Metallica - everything before and including black album

Brian May - Back to the Light

Queen - basically everything


----------



## Guest (Jun 11, 2005)

Tears for Fears- almost everything

System of a Down- everything

Pink Floyd- almost everything

Kool Keith- what I've heard

2pac- All Eyez on Me, Makaveli

Faith No More- everything (?)

Smashing Pumpkins- Greatest Hits

Cranberries- No Need to Argue (a great album)

Fischerspooner- everything I've heard


----------



## mcsiegs (Apr 27, 2005)

Alice In Chains, Staind, Dredg (Buy the CD El Cielo now!!), Porcupine Tree, Soundgarden, Helmet, Breaking Benjamin


----------



## Guest (Jun 13, 2005)

Hi Mcsiegs,

Porcupine tree is my favorite band.
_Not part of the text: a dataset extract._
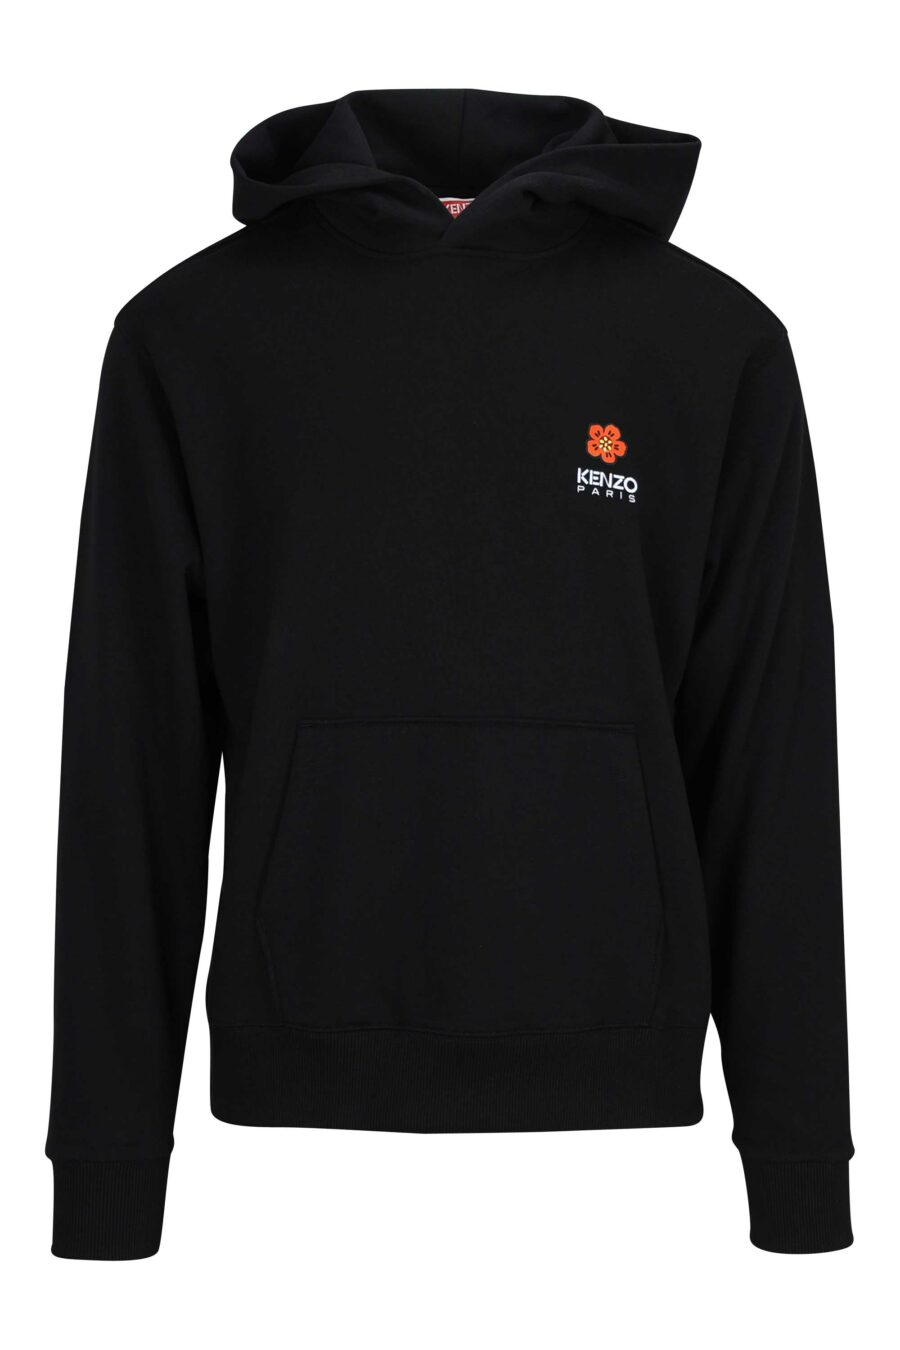 Black hooded sweatshirt with mini logo "boke flower" - 3612230469198
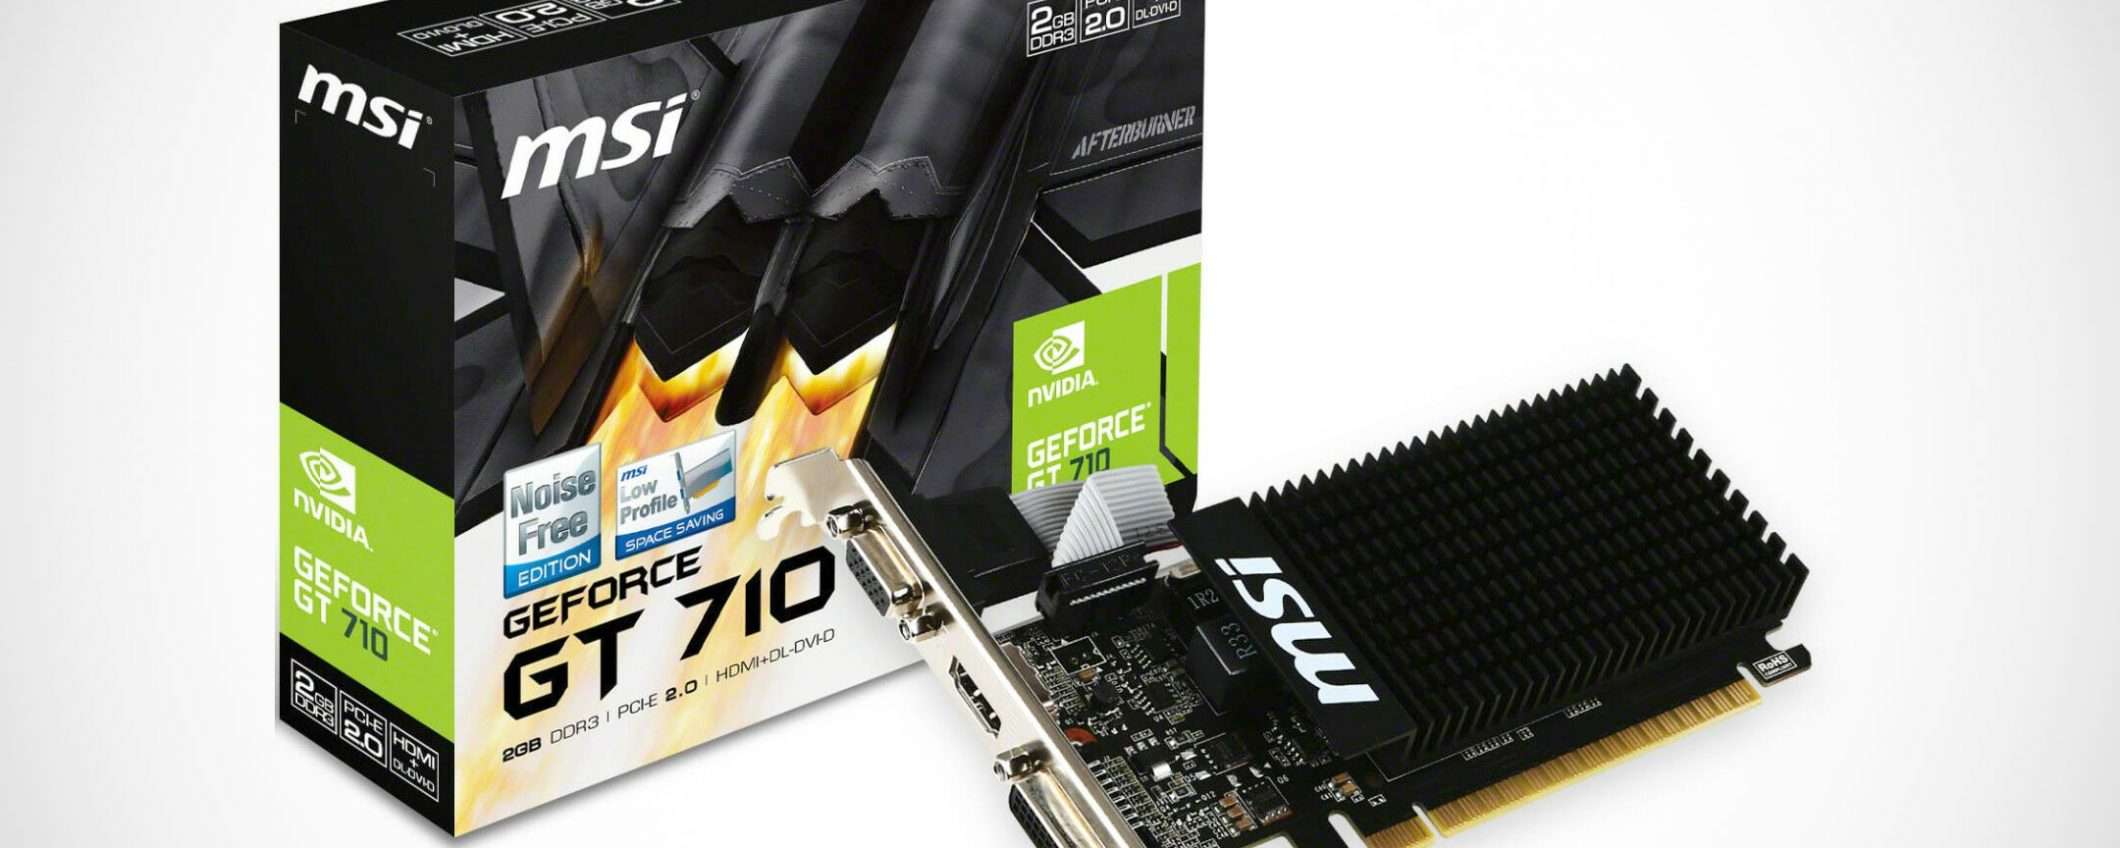 Scheda video MSI GeForce GT710 a 44,90 euro

Rarely do I ever encounter any fans.

I also like radiohead, floyd, opeth, the verve, slowdive, R.E.M and much more.


----------



## ret (Aug 10, 2004)

Soundgarden - SuperUnknown/A-Sides
Red Hot Chilli Peppers - Blood Sugar Sex Majik
Pearl Jam - Ten
Nirvana - Unplugged In New York

Music these days sucks.


----------



## jc (Aug 10, 2004)

at the moment this bunch










also

bowie
beatles
cream
josh rouse
the black keys
the black crows
mooney suzuki
soundtrack of our lives
the jam
paul weller
kings of leon


----------



## Martinelv (Aug 10, 2004)

Radiohead (gods of music)
Manic Street Preachers
Dj Zinc
Andy C
Groove Rider
Goldie (in the old days)

More recently: Athlete, The Kings of Leon, The White Stripes.


----------



## Imagine (Oct 24, 2004)

Mot?rhead - Mot?rhead & Overkill
Pantera - Cowboys From Hell
Superjoint Ritual - Use Once & Destroy
Slayer - Reign In Blood
Cryptopsy - Nine So Vile
Burzum - Det Som Engang Var
Mayhem - De Mysteriis Dom Sathanas 
At The Gates - Red In The Sky Is Ours
Decapitated - Winds Of Creation
Marduk - Panzer Division Marduk
Emperor - Prometheus
Dimmu Borgir - Enthrone Darkness Triumphant
Nile - Annihilation Of The Wicked
Six Feet Under - Maximum Violence
Deicide - Once Upon The Cross
Therion - Deggial
Dying Fetus - Destroy The Opposition 
Carcass - Symphonies Of Sickness 
Soilent Green - Sewn Mouth Secrets
Napalm Death - Scum
In Flames - Whoracle, Colony & Jester Race/Black Ash Inheritance 
Mortician - Hacked Up For Barbeque
Converge - Petition The Empty Sky
Children Of Bodom - Hatebreeder
Morbid Angel - Blessed Are The Sick
Immortal - At The Heart Of Winter
Suffocation - Effigy Of The Forgotten
Devin Townsend - Ocean Machine
Krabathor - Unfortunately Dead
Opeth - Morningrise
Dark Funeral - The Secrets Of The Black Arts
Immolation - Dawn Of Possession
Meshuggah - Destroy Erase Improve
Dissection- The Somberlain
Vader - Ultimate Incantation 
Cannibal Corpse - Tomb Of The Mutilated
Misfits - Collection I & II
Danzig - Volume 1
The Exploited - F**k The System
Anti-NoWhere League - Anthology


----------



## sebastian (Aug 11, 2004)

Pure Narcotic said:


> slowdive


good call Narc. So much better than the yawn-inducing Neil Halstead solo stuff.


----------



## mcsiegs (Apr 27, 2005)

Imagine - No wonder you're on this forum with the music you listen to!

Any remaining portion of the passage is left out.